Yeah. Isaac, that's right. They have a slightly lower effective tax rate than we would as an enterprise, given their mix of where they generate their earnings. But when you look at the size of the company and the materiality, it's a marginal impact. So we've talked about roughly around a 34% tax rate. That would still be the case with Chiltern, but with the fairness that it does have a slightly lower tax rate than we would as a standalone business itself.

Isaac Ro
Senior Equity Research Analyst, Goldman Sachs

Okay. Thank you.

Operator

Our next question comes from A.J. Rice with UBS.

A.J. Rice
Managing Director of Equity Research, UBS

Hi, everybody. Just one question. Obviously, we've been talking about the last few quarters, the LaunchPad initiative and Covance and the savings you expect over time from that. Does anything about doing this deal affect what you're doing with LaunchPad? And I doubt if it affects the savings number for this year, but maybe in the out years, is the $30 million of synergies on top of what you hope to achieve for LaunchPad?

Dave King
Chairman and CEO, LabCorp

A.J., it's Dave. Nothing about this transaction affects the LaunchPad plan, and the $30 million of synergies is additive to the projections. We haven't given any long-term projections for LaunchPad, but the $45 million annualized off of this year's actions, the $30 million would be additive to that.

A.J. Rice
Managing Director of Equity Research, UBS

Okay. All right. Thanks.

Operator

Our next question comes from Line of Himenguva with Bank of America. Himenguva, your line is now open.

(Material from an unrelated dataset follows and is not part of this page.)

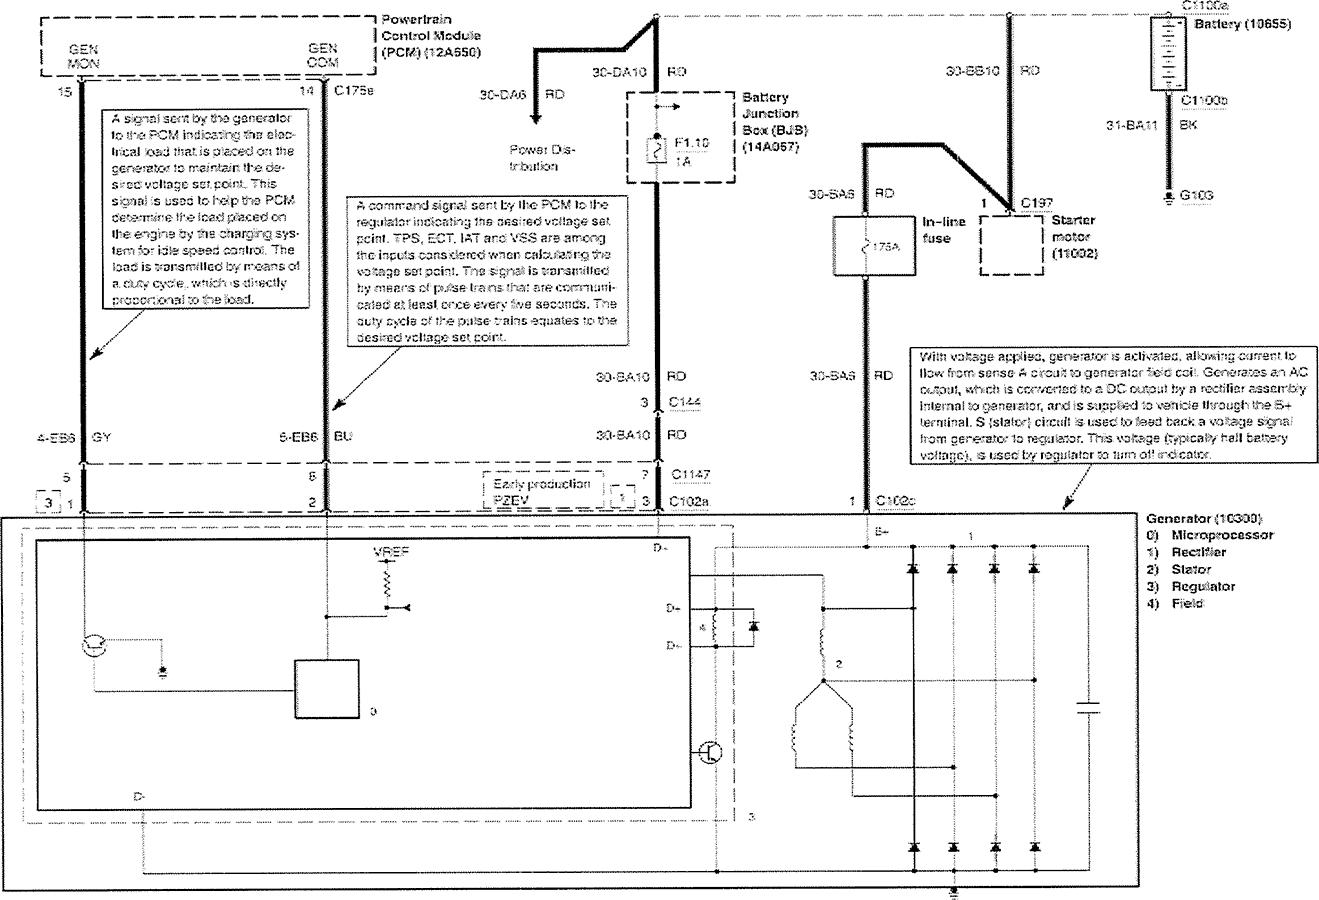 ford focus alternator magneti marelli 63321678 jakie diody ford focus alternator magneti marelli 63321678 jakie diody prostownicze

Sorry. Can you hear me now?

Dave King
Chairman and CEO, LabCorp

Yes.

Oh, I'm sorry about that. Thanks for taking my question. And I wanted to talk a little bit about leverage in the balance sheet and probably questions for Glenn. So this transaction is going to take the leverage up only by a bit, but just wanted to know your conversation with rating agencies and if they're on board with the future outlook for M&A and then your rating targets in terms of M&A itself. What kind of, how much do you think your flexibility on the balance sheet?

Glenn Eisenberg
EVP and CFO, LabCorp

Yeah. As we commented earlier, we feel very good about the size of the transaction from a financial standpoint. We have talked to the rating agencies. We're very aware of the amount of leverage that we can to maintain the current ratings, which are solid investment-grade ratings. So as we've commented, given the size of the acquisition, given the free cash flow that we generate as a company, we have a lot of flexibility to continue to look at M&A, continue to repurchase shares, as well as paying down debt to get to, as Dave said, get to what the three or below range, if you will, to maintain the ratings. But feel very good from the financial flexibility that we have even after doing this transaction.

Great. Thank you very much.

Operator

I'm not showing any further questions at this time. I'd like to turn the call back to Mr. King for any closing remarks.

Dave King
Chairman and CEO, LabCorp

Thank you. Again, we are very excited about the transaction announced this morning. We are convinced that it is a great strategic fit for LabCorp and Covance and that, in combination with the Chiltern team, we will create terrific value over time for our business, our customers, and our shareholders. With that, thank you for joining us this morning, and we hope you have a great day. Good day.

Operator

Ladies and gentlemen, thank you for your participation in today's conference. This concludes the program, and you may now disconnect. Everyone, have a great day.